I mille volti di Gesù nella ricerca ebraica e cristiana. Un convegno a Roma
Per ricordare La riflessione e le opere di Giuseppe Barbaglio, biblista e studioso dell'Antico e Nuovo Testamento
Un anno fa, proprio in questi giorni, si spegneva Giuseppe
Barbaglio, studioso del nuovo e vecchio testamento, grande biblista e una delle
voci più ascoltate nei nostri incontri a Montegiove.

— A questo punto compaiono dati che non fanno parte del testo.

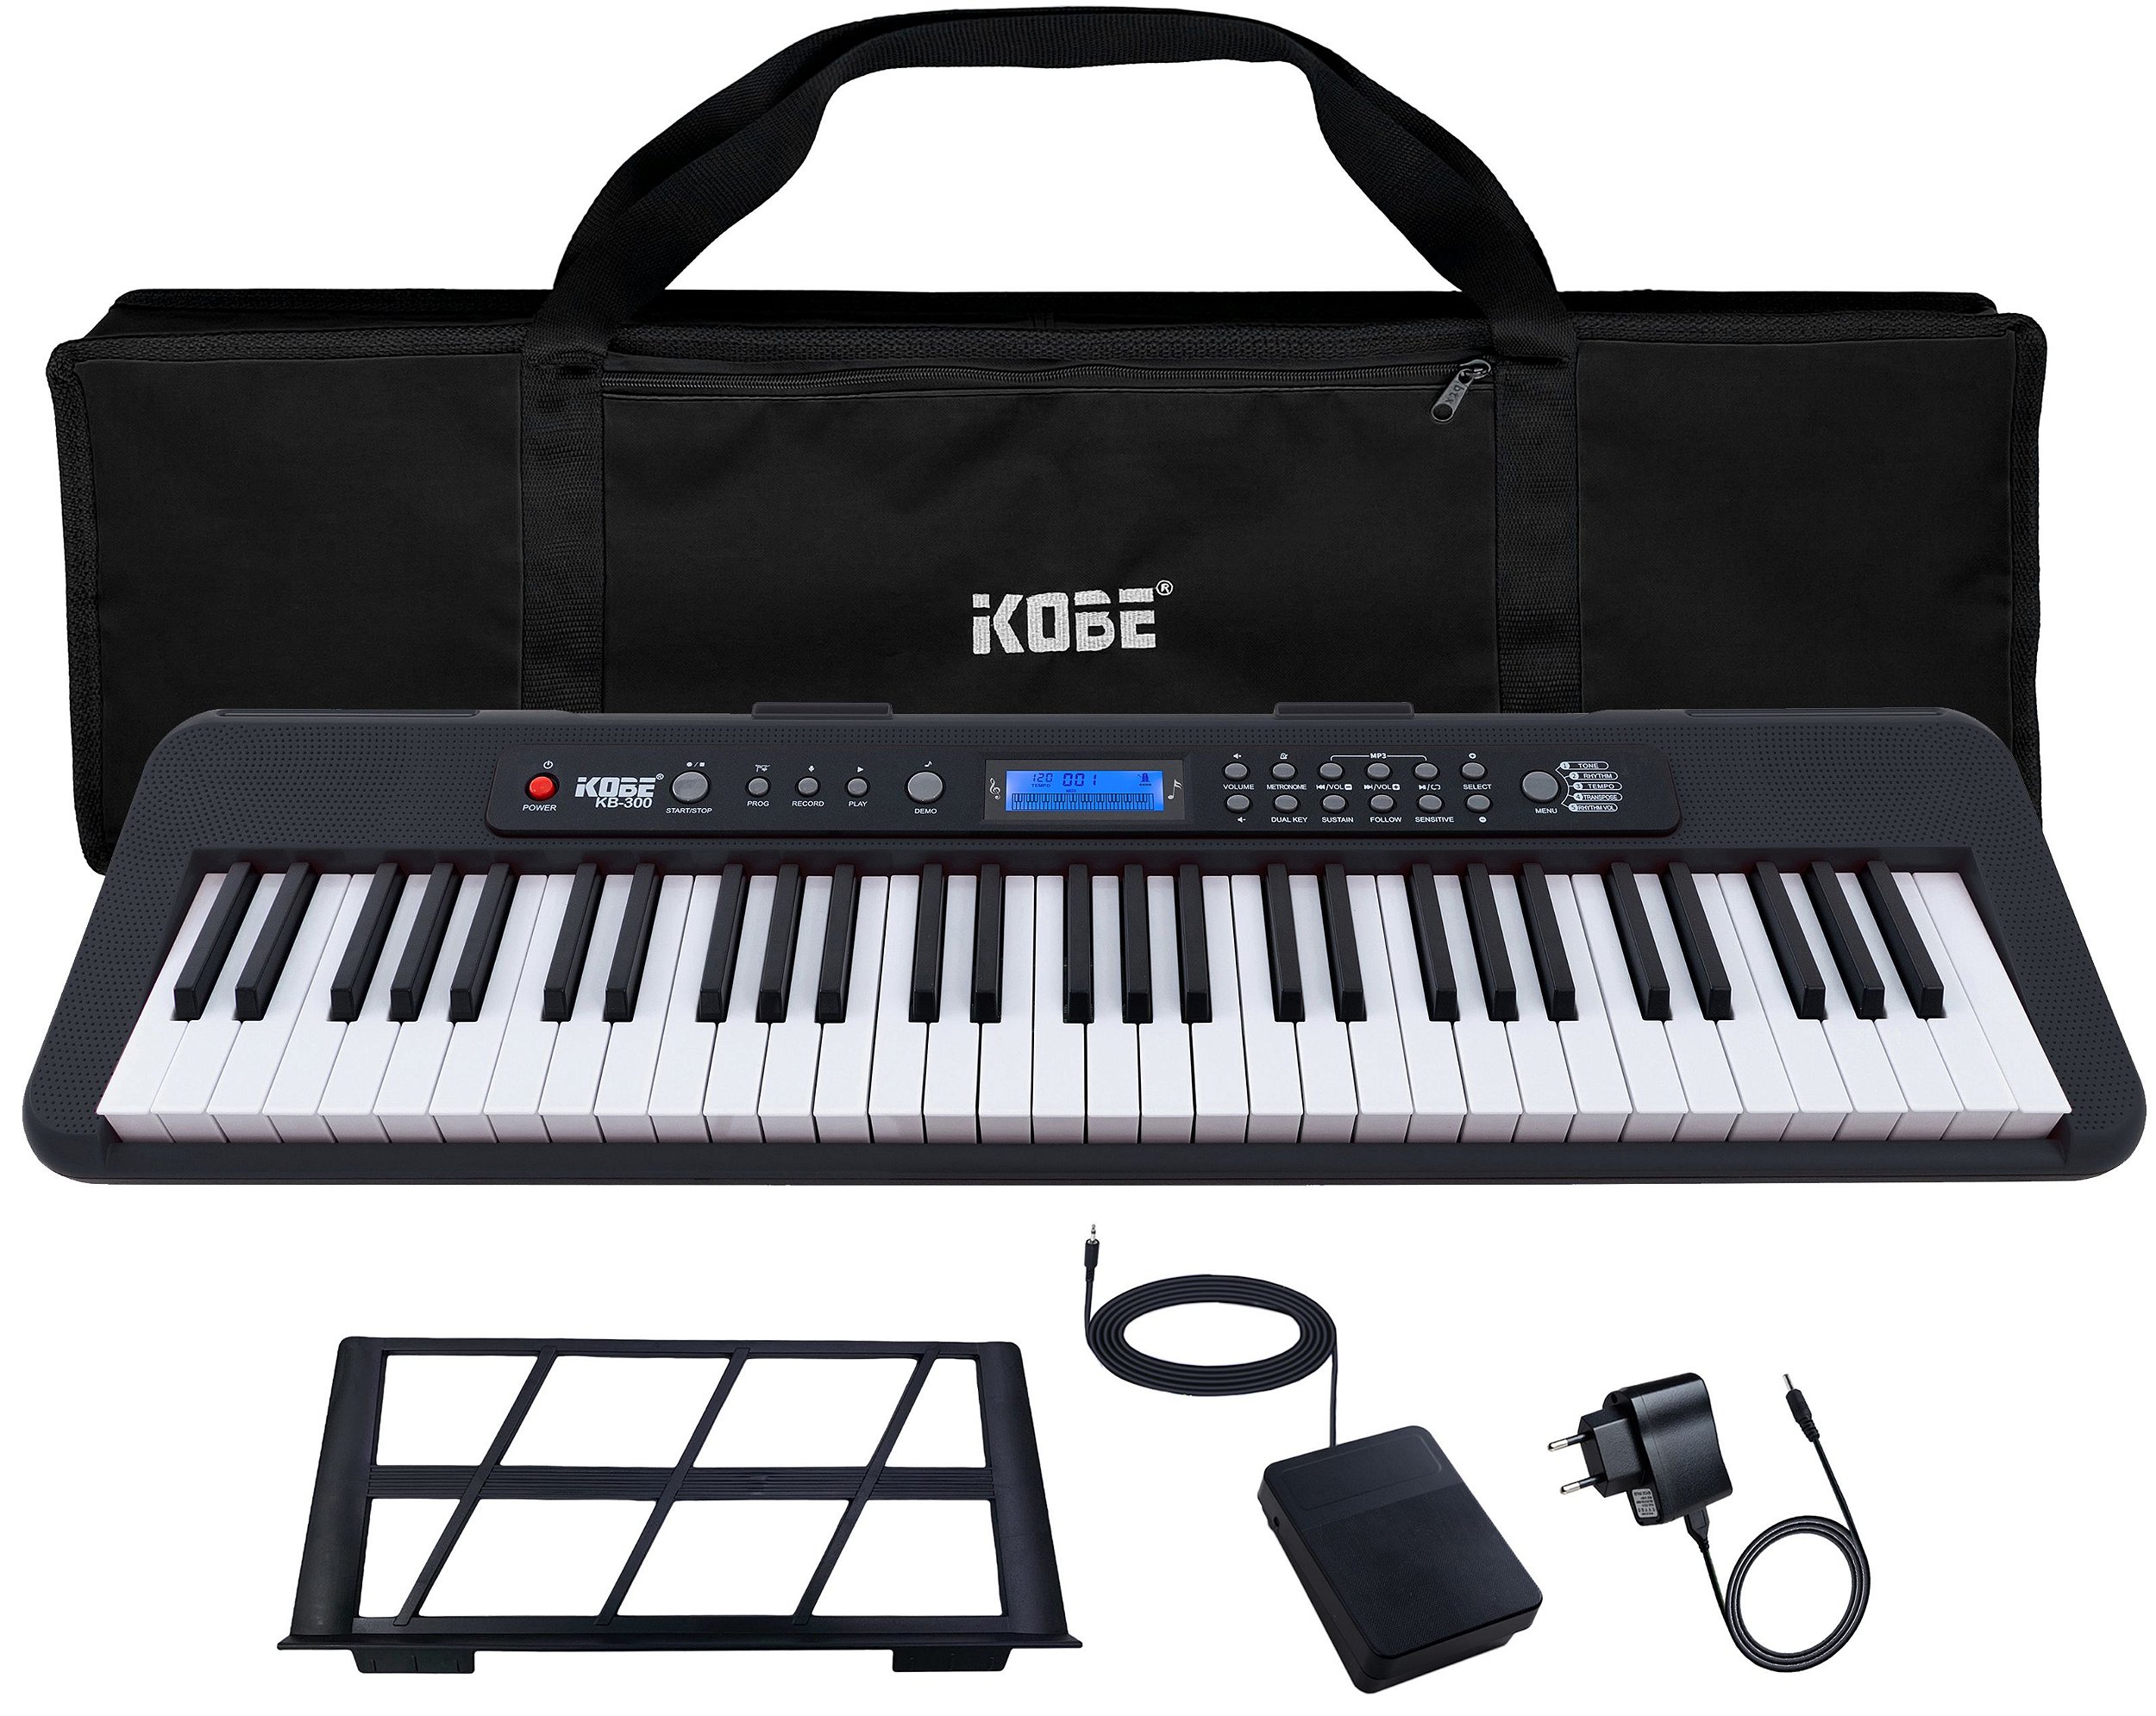 Kit Teclado Musical Arranjador Kobe KB-300 5/8 61 Teclas Sensitivas ao  Toque com Pedal Sustain e Capa Preta - Meu Teclado

Si credeva in salvo da una
pesante malattia quando un'insospetta tempesta lo portò via, troncando un
progetto di lavoro sul quale teologi e amici, credenti e non credenti, si
riuniranno a discutere sabato 29 e domenica 30 presso la Facoltà Valdese di via
Cossa 42 a Roma. Nell'ordine discuteranno per un giorno e mezzo Alfio Filippi,
Yann Redalié, Romano Penna, Stefano Levi della Torre, Jean Noel Aletti,
Gabriella Caramore, Severino Dianich, Ernesto Borghi, Giancarlo Martini, Antonio
Guagliumi, Carla Busato, Rossana Rossanda, Mario Tronti, e concluderanno Raniero
La Valle e Claude Geffré. Tema: «I mille volti di Gesù».
È il titolo che Barbaglio aveva dato alla messe di appunti bibliografici
lasciati sul computer. Suscita molte domande, prima di tutte: in che senso
Barbaglio - che aveva portato a fondo una ricerca puntuale (e ricevuta con
scarso entusiasmo oltretevere) su quello che aveva chiamato l'«Ebreo di
Galilea», quell'uomo, quello specifico «individuo» - si proponeva un'indagine
sui suoi «mille volti»? Pensava che fossero di molteplice significato e
intrepretazione i gesti e le parole raccolte nei vangeli sinottici, negli atti
degli apostoli, nei testi discussi ma non ammessi nel canone, che aveva valutato
con l'acribia dello storico, saggiandoli in quel ribollente tempo di attesa del
messia? Tempo in cui molti uomini lasciavano casa e figli per andare cercando e
predicando e guarendo, profeti come quel Giovanni Battista che tormentava la
coscienza dei potenti, o guarendo come fece anche Gesù, o aggregandosi in sette
riflessive alla ricerca della parola? Il suo «Ebreo di Galilea» era uno di loro.
Nessun altro studio, meno che mai quello tranquillo ed edificante pubblicato un
paio di anni dopo da Ratzinger, restituisce a mio avviso l'impatto di quel
destino illuminato e atroce in un secolo in fermento, coagulo di miserie e
speranze d'una trascendenza salvifica. Un Gesù così diverso dal giovane biondo e
un po' melenso appeso ai muri delle sagrestie della chiesa devozionale, ma anche
dalla compostezza oltremondana dei crocifissi italiani del rinascimento o
dall'orrore dei corpi dislocati e purulenti della pittura nordica.
Il senso, per Barbaglio, non è come in Duchamp: il quadro è di chi lo legge. I
mille volti non sono di quello che per i cristiani è il figlio di dio, ma di
coloro che in occidente, nei duemila anni seguiti, si sono veduti in lui, sia
nel dilatarsi dell'universo cristiano sia nell'imponenza della chiesa che vi si
costruiva sopra. Teologi, filosofi, esegeti e gente semplice, che sullo scandalo
della Croce hanno rifratto idee, dubbi, bisogni, speranze, angosce.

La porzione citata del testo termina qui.